*EXERCISE DETAILS*
Omit all pictures. Quote the lines from the one with "余文樂愛鞋即將販售!Reebok Pump Supreme Engine 一次兩色全公開" through the end of the listing below, exactly as they appear.

*RAW DATA*
━━━━━━━━━━━━━━━━━━━━

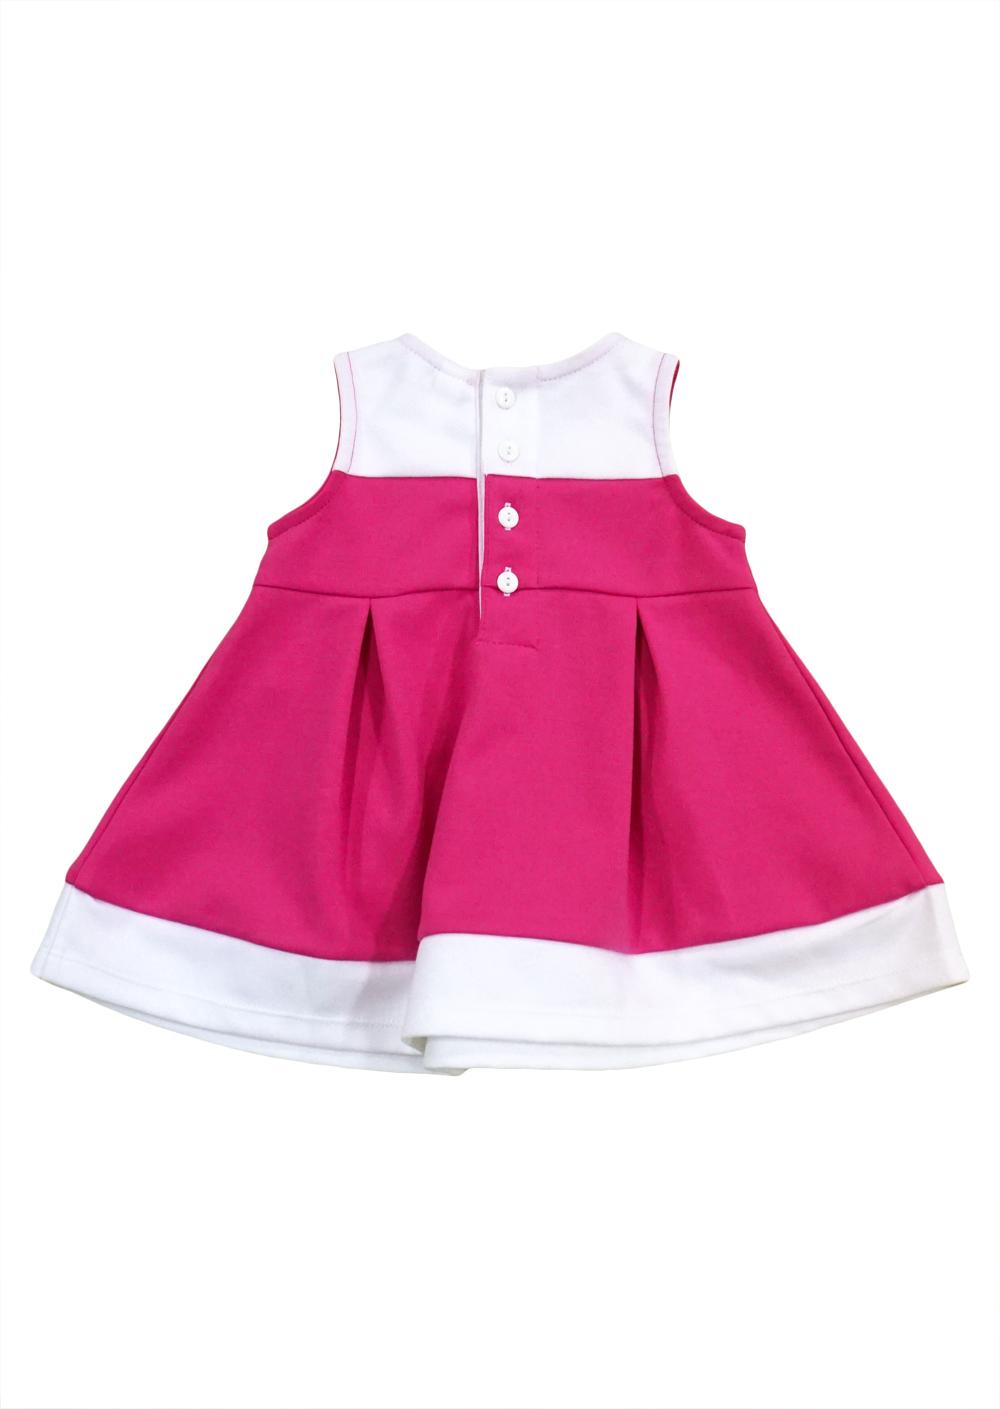 d69608e7a Newborn-Dress 1
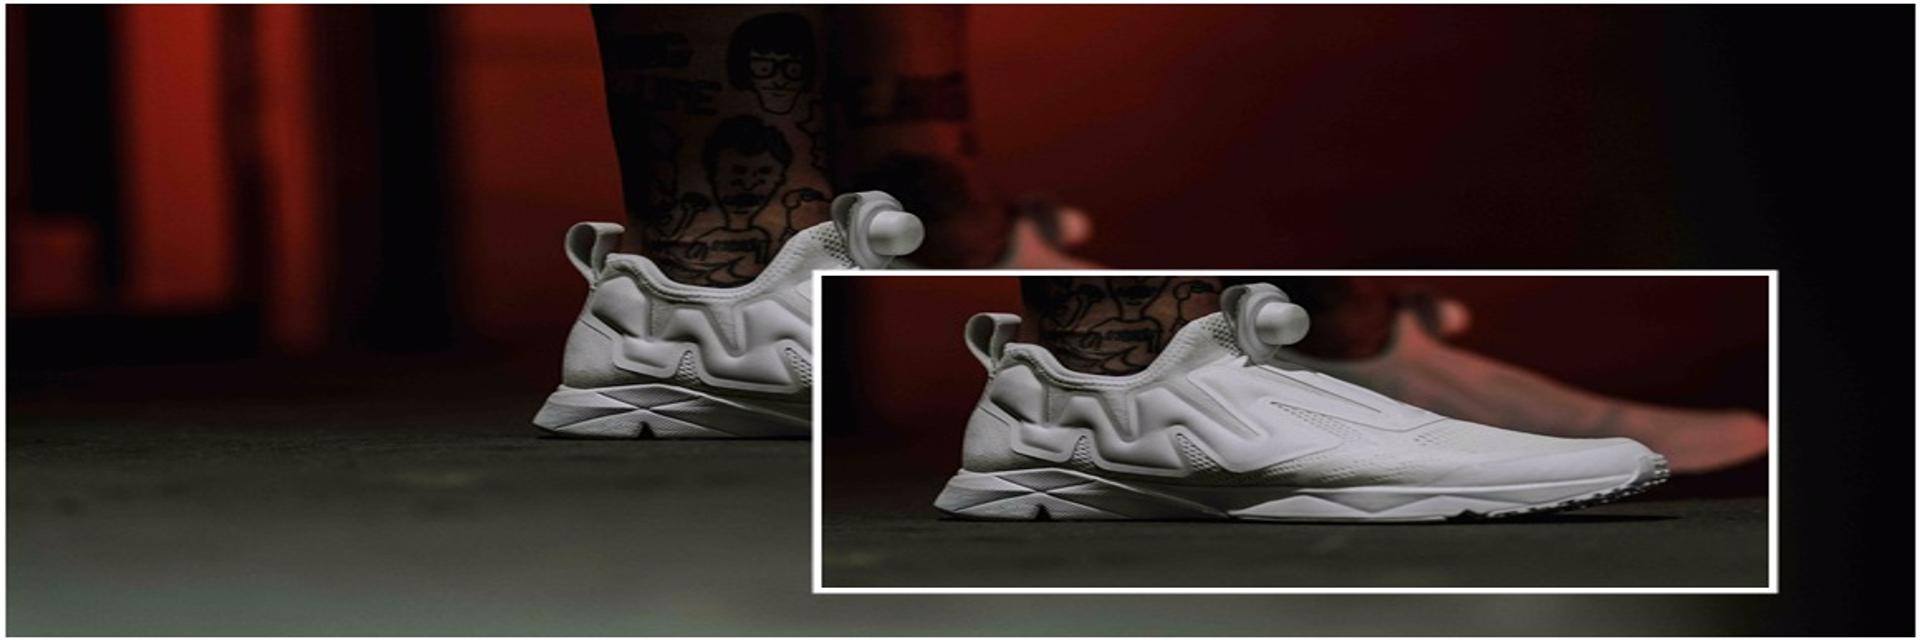 余文樂愛鞋即將販售!Reebok Pump Supreme Engine 一次兩色全公開
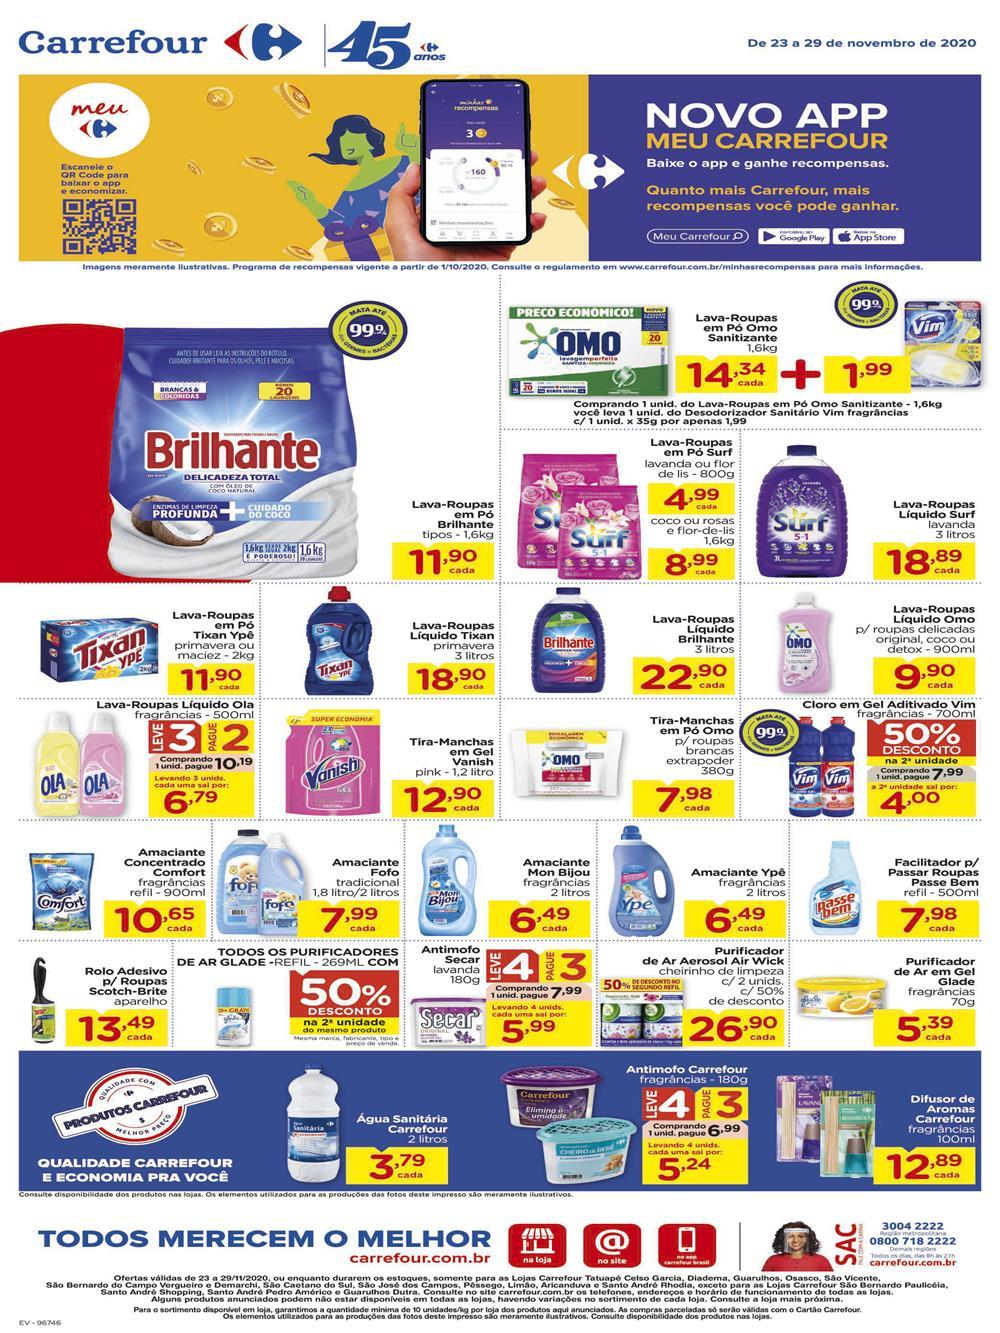 carrefour-ofertas-descontos-hoje12-4 Carrefour até 29/11
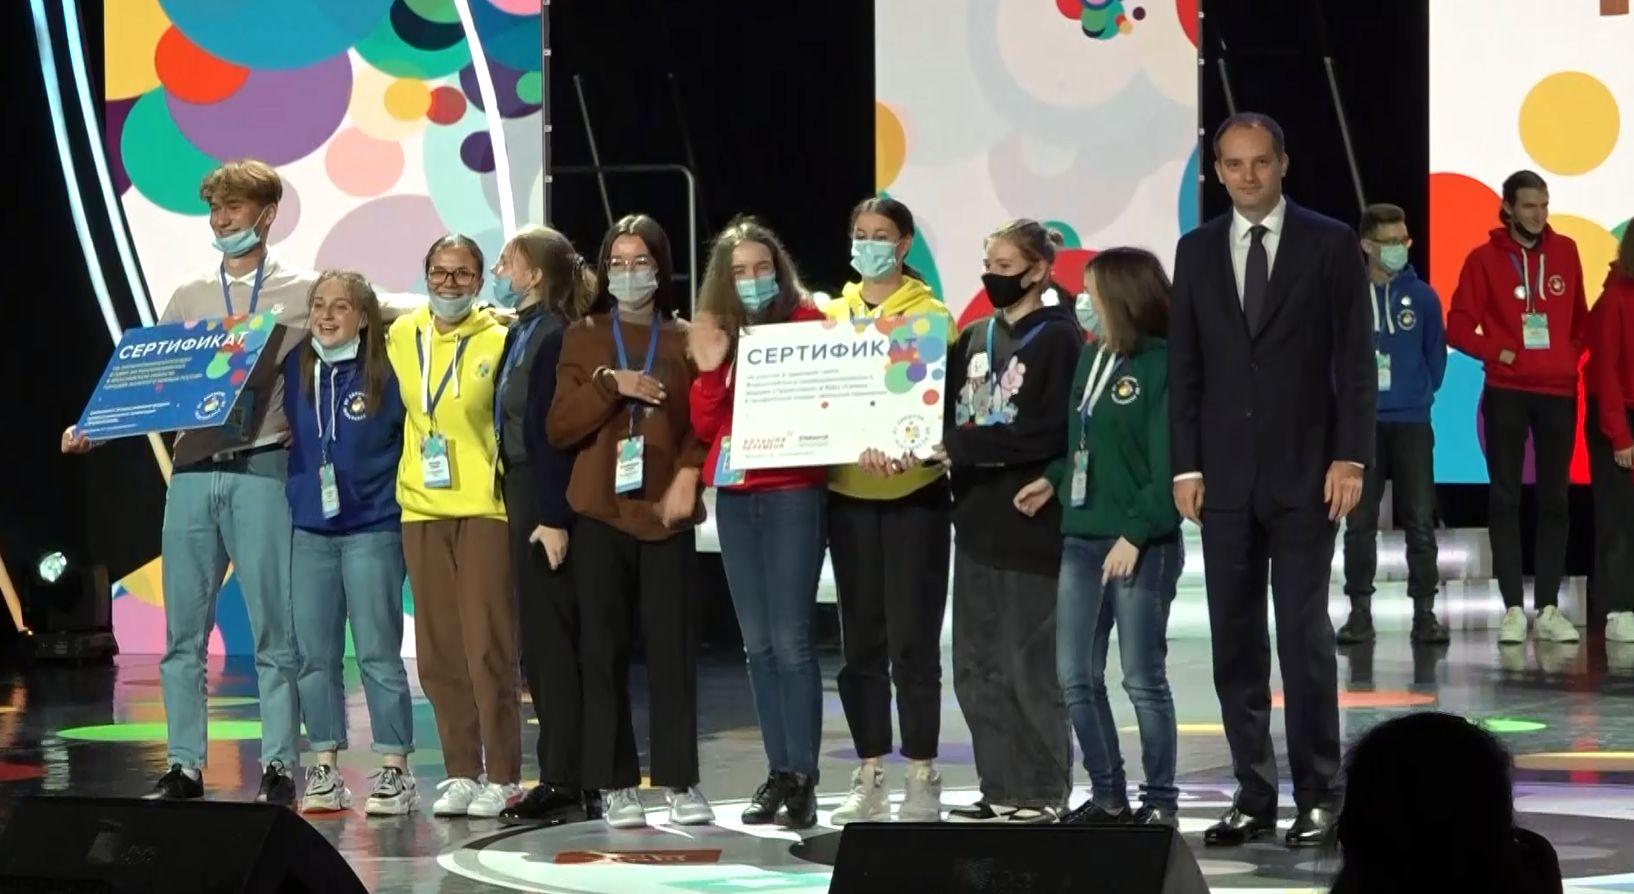 Форум «Проектория» завершил свою работу - в течение трех дней в Ярославле старшеклассники осваивали навыки управления проектами и командной работы

━━━━━━━━━━━━━━━━━━━━

*SOLUTION FOR THIS PROBLEM*
 余文樂愛鞋即將販售!Reebok Pump Supreme Engine 一次兩色全公開
 carrefour-ofertas-descontos-hoje12-4 Carrefour até 29/11
 Форум «Проектория» завершил свою работу - в течение трех дней в Ярославле старшеклассники осваивали навыки управления проектами и командной работы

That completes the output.